This operation supports CSV, NDJSON and Parquet files.
You can replace with data from local, or remote, files.
For example, to replace all of the data in a Data Source with data from a local file using cURL:
curl \
-H "Authorization: Bearer <DATASOURCES:CREATE token>" \
-X POST "https://api.tinybird.co/v0/datasources?mode=replace&name=data_source_name&format=csv" \
-F csv=@local_file.csv
Or, from a remote file:
curl \
-H "Authorization: Bearer <DATASOURCES:CREATE token>" \
-X POST "https://api.tinybird.co/v0/datasources?mode=replace&name=data_source_name&format=csv" \
--data-urlencode "url=http://example.com/file.csv"
Rather than replacing all data, you can also replace specific partitions of data. This operation is atomic.
To do this, use the replace_condition
parameter. This parameter defines the filter that will be applied, where all matching rows will be deleted, before finally ingesting the new file. Only the rows matching the condition will be ingested.
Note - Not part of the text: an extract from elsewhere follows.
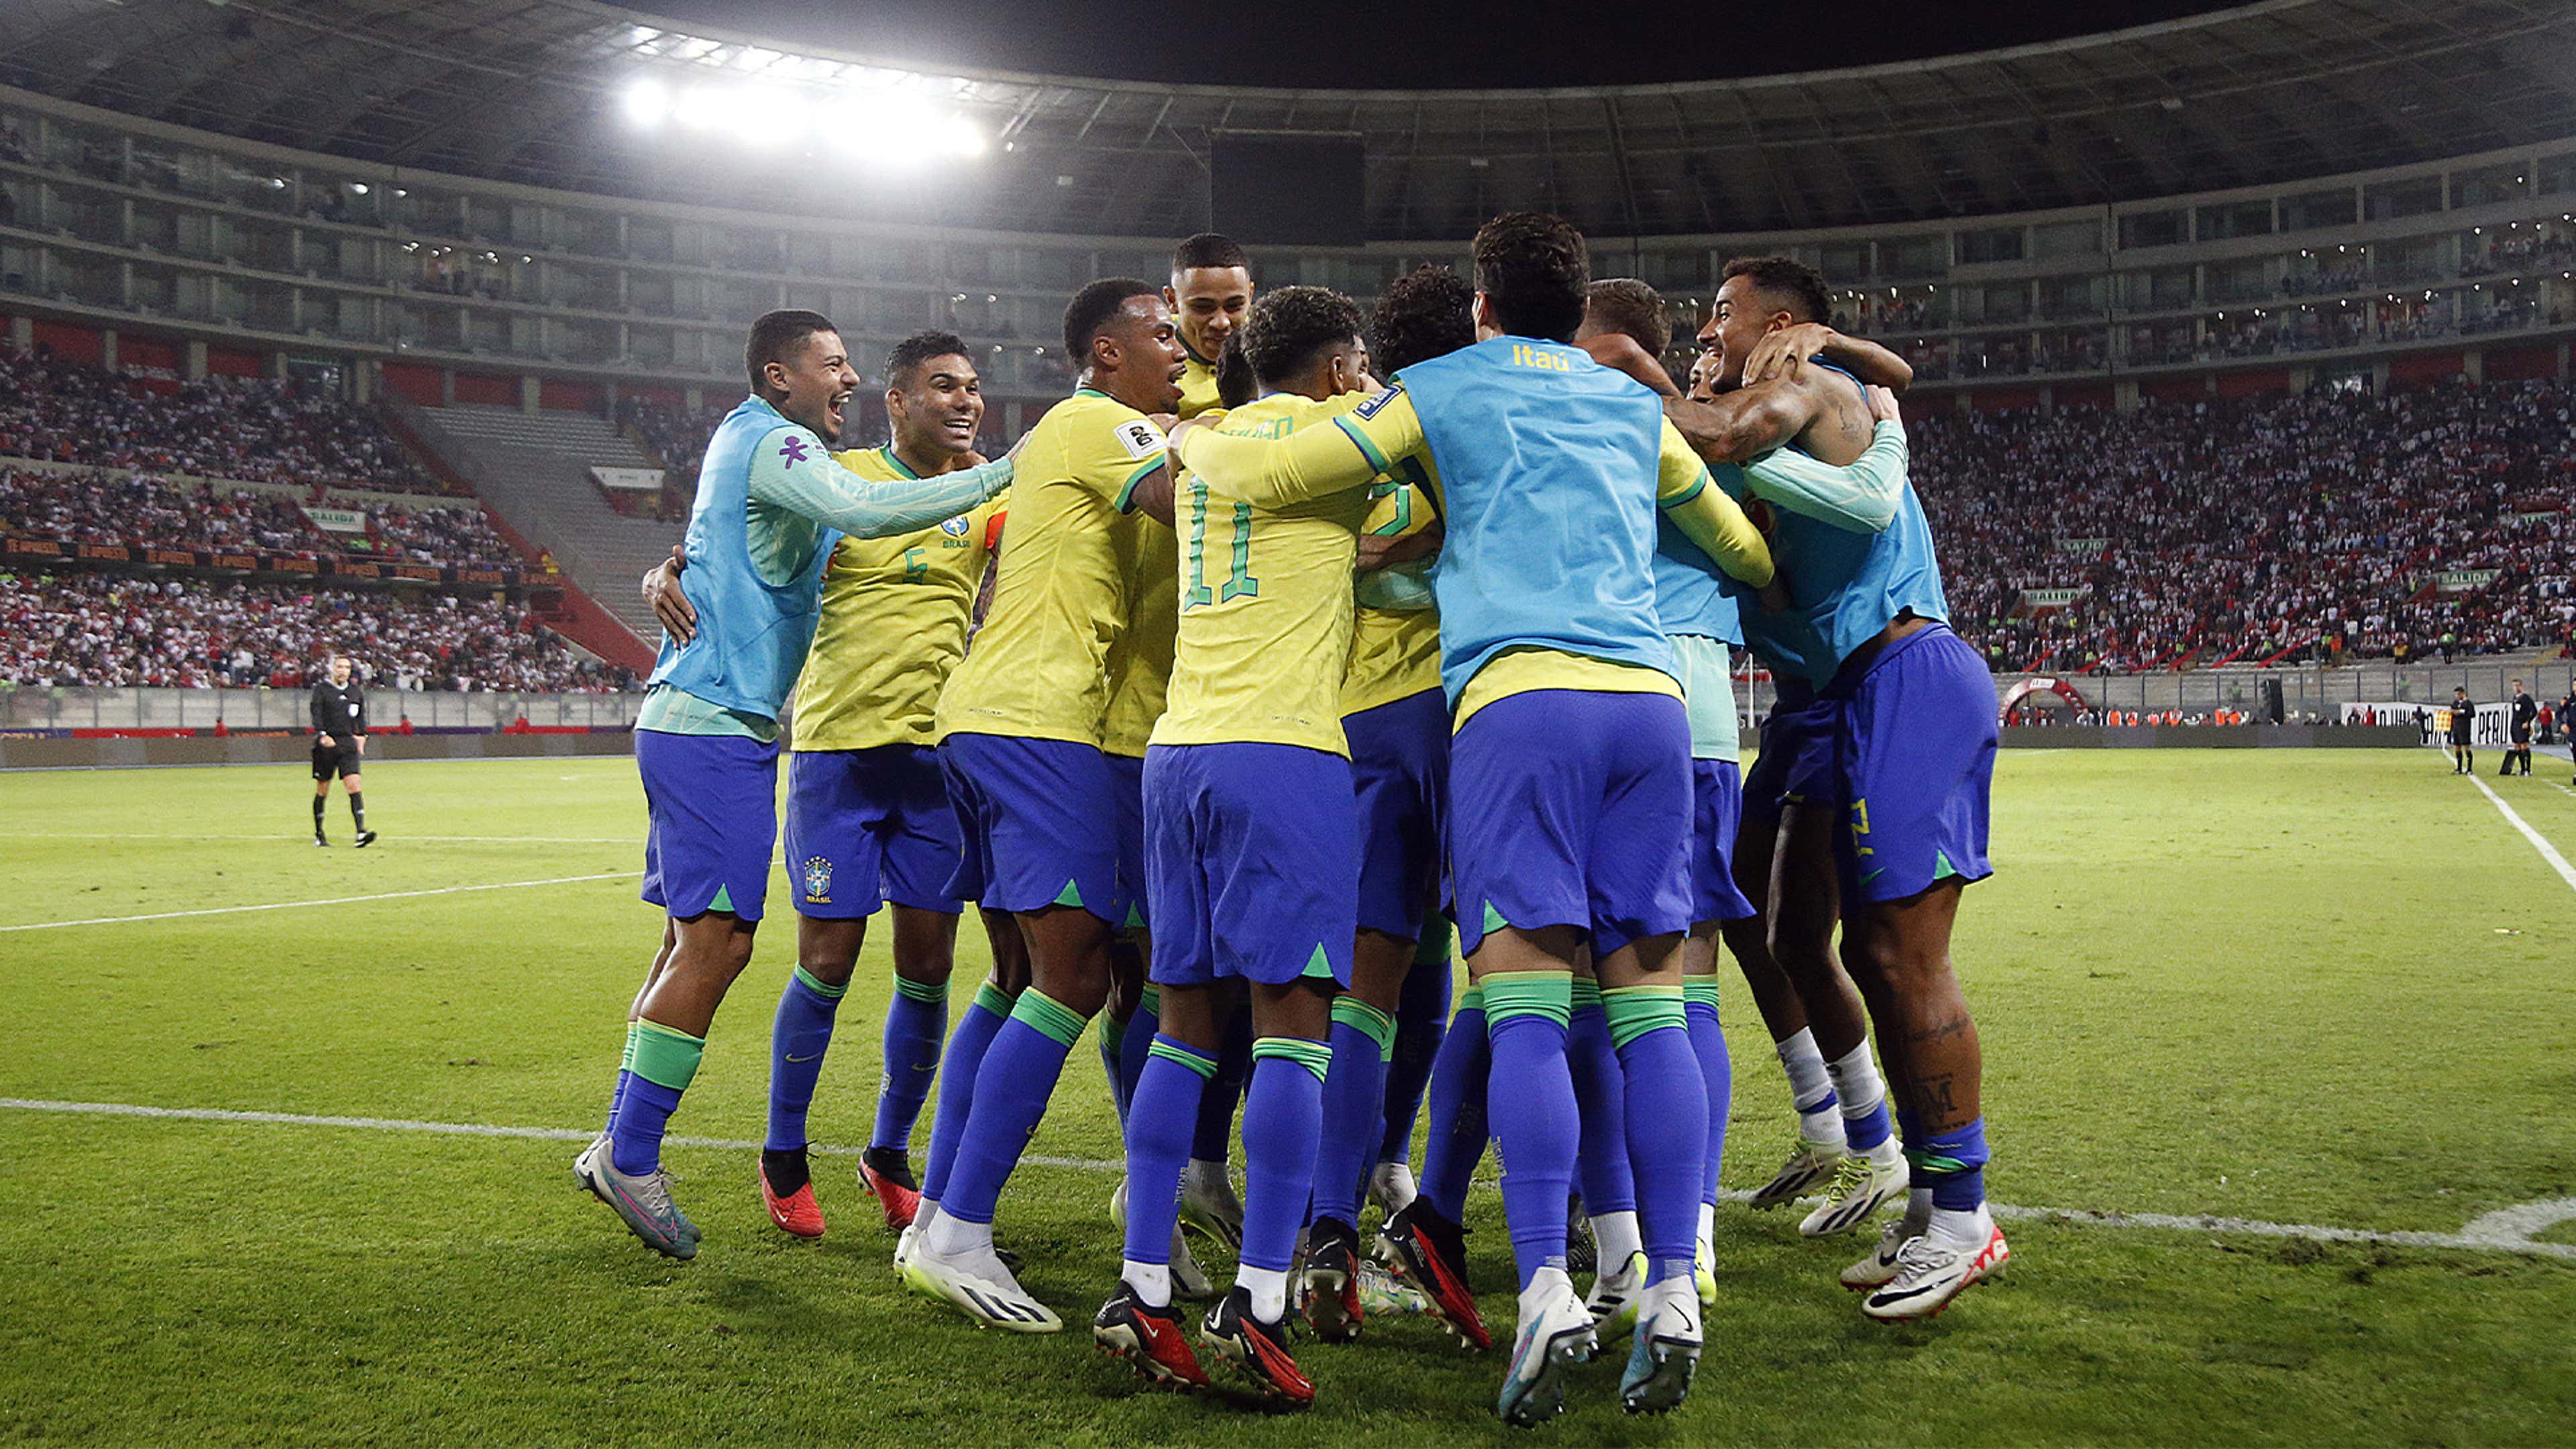 A escalação do Brasil para o próximo jogo

Note that if the source file contains rows that do not match the filter, these rows will be ignored.
Replacements are made by partition, so it is mandatory that the replace_condition
filters on the partition key of the Data Source.
To replace filtered data in a Data Source with data from a local file using cURL, you must URL encode the replace_condition
as a query parameter. For example:
curl \
-H "Authorization: Bearer <DATASOURCES:CREATE token>" \
-X POST "https://api.tinybird.co/v0/datasources?mode=replace&name=data_source_name&format=csv&replace_condition=my_partition_key%20%3E%20123" \
-F csv=@local_file.csv
Or, from a remote file:
curl \
-H "Authorization: Bearer <DATASOURCES:CREATE token>" \
-X POST "https://api.tinybird.co/v0/datasources?mode=replace&name=data_source_name&format=csv" \
-d replace_condition='my_partition_key > 123' \
--data-urlencode "url=http://example.com/file.csv"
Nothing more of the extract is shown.